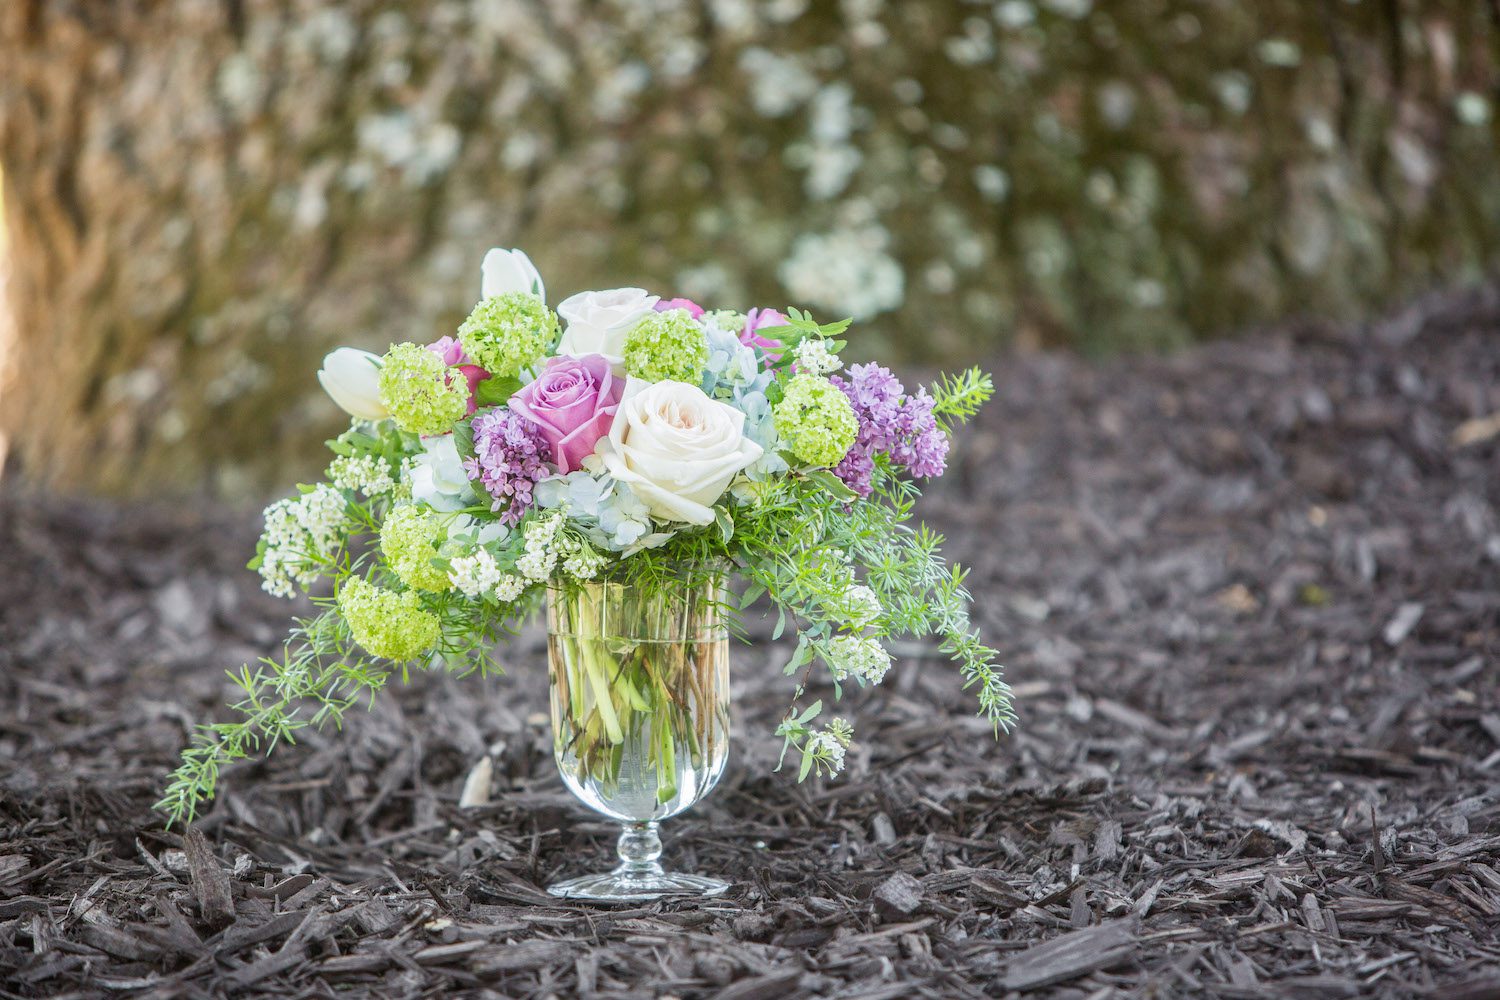 "Collette" with Viburnum, Lilac, Spirea, Tulips and Roses
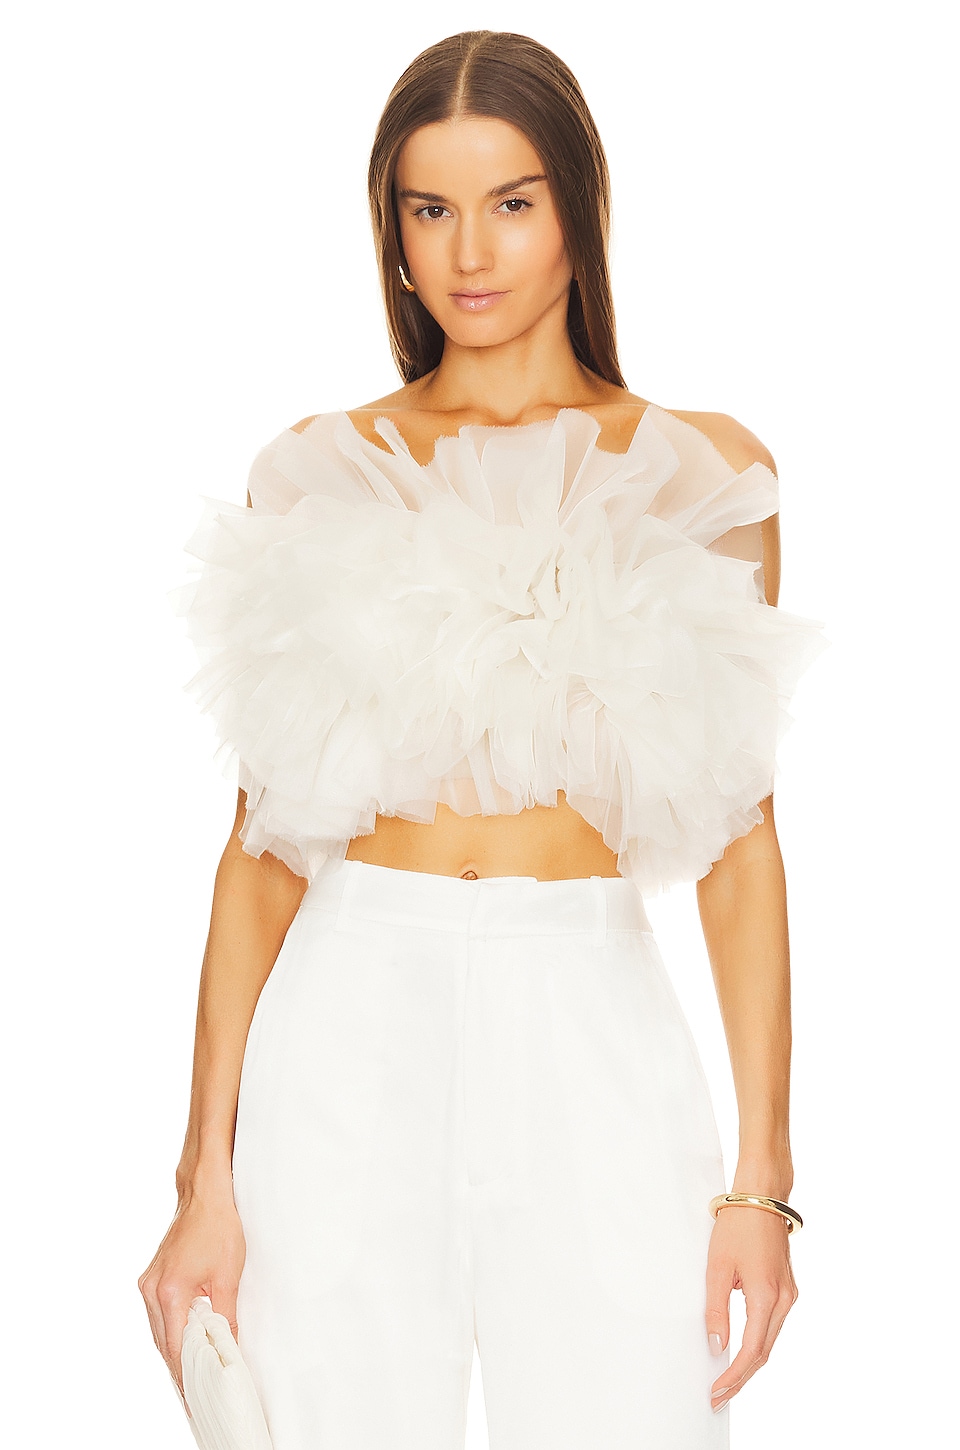 Lapointe Ruffle Poof Bustier Top in Cream | REVOLVE
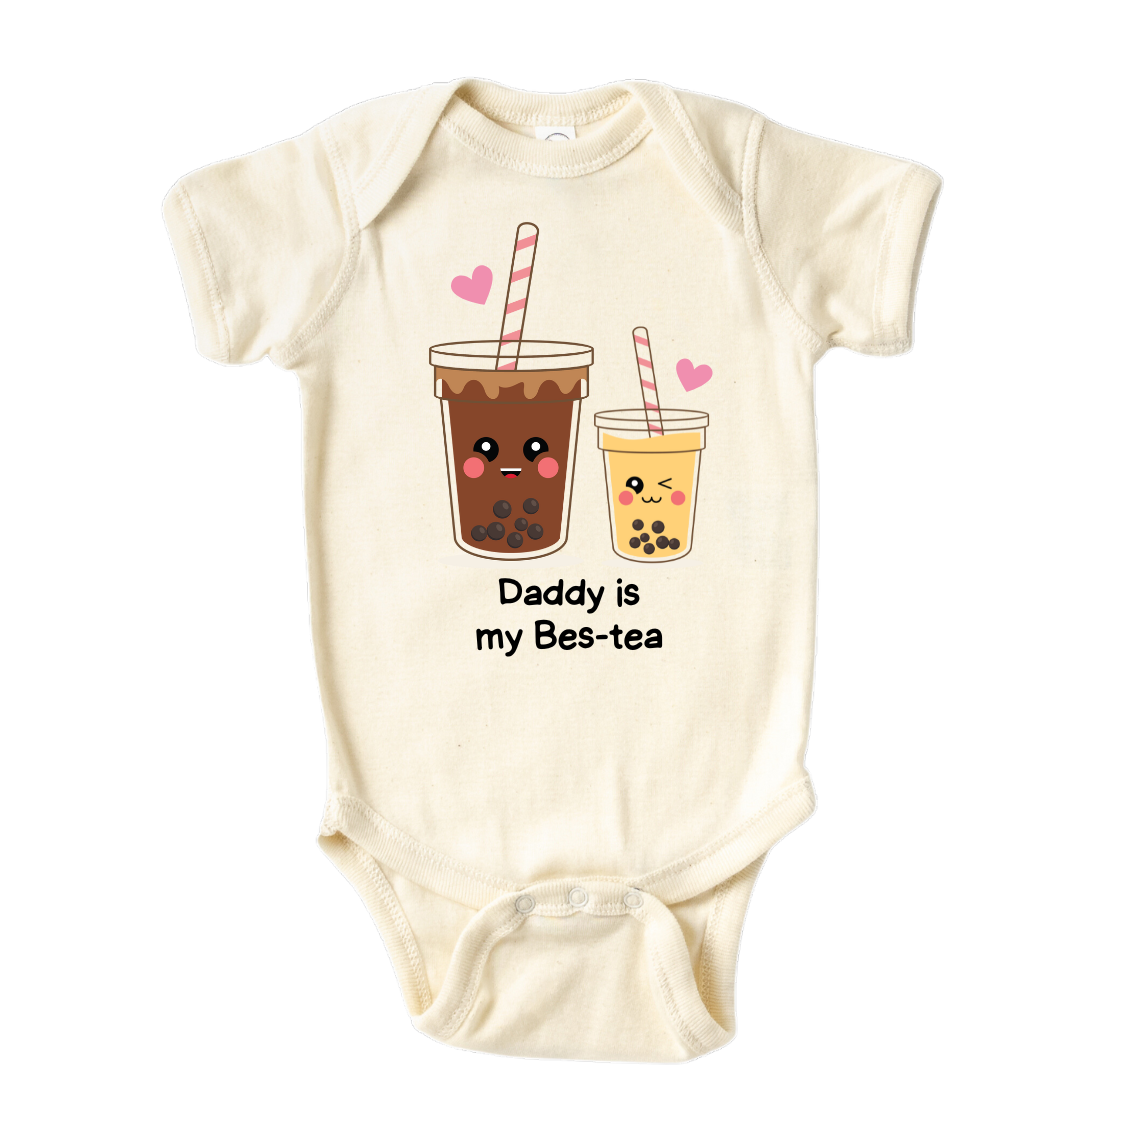 Cute Baby Onesie® Daddy Is My Bes-tea Shirt Baby Clothes Unisex Baby Announcement Gift for Dad

### Exercise:
Every line of the material above should be repeated exactly, except for the pictures.

### Task output:
 "Collette" with Viburnum, Lilac, Spirea, Tulips and Roses
 Lapointe Ruffle Poof Bustier Top in Cream | REVOLVE
 Cute Baby Onesie® Daddy Is My Bes-tea Shirt Baby Clothes Unisex Baby Announcement Gift for Dad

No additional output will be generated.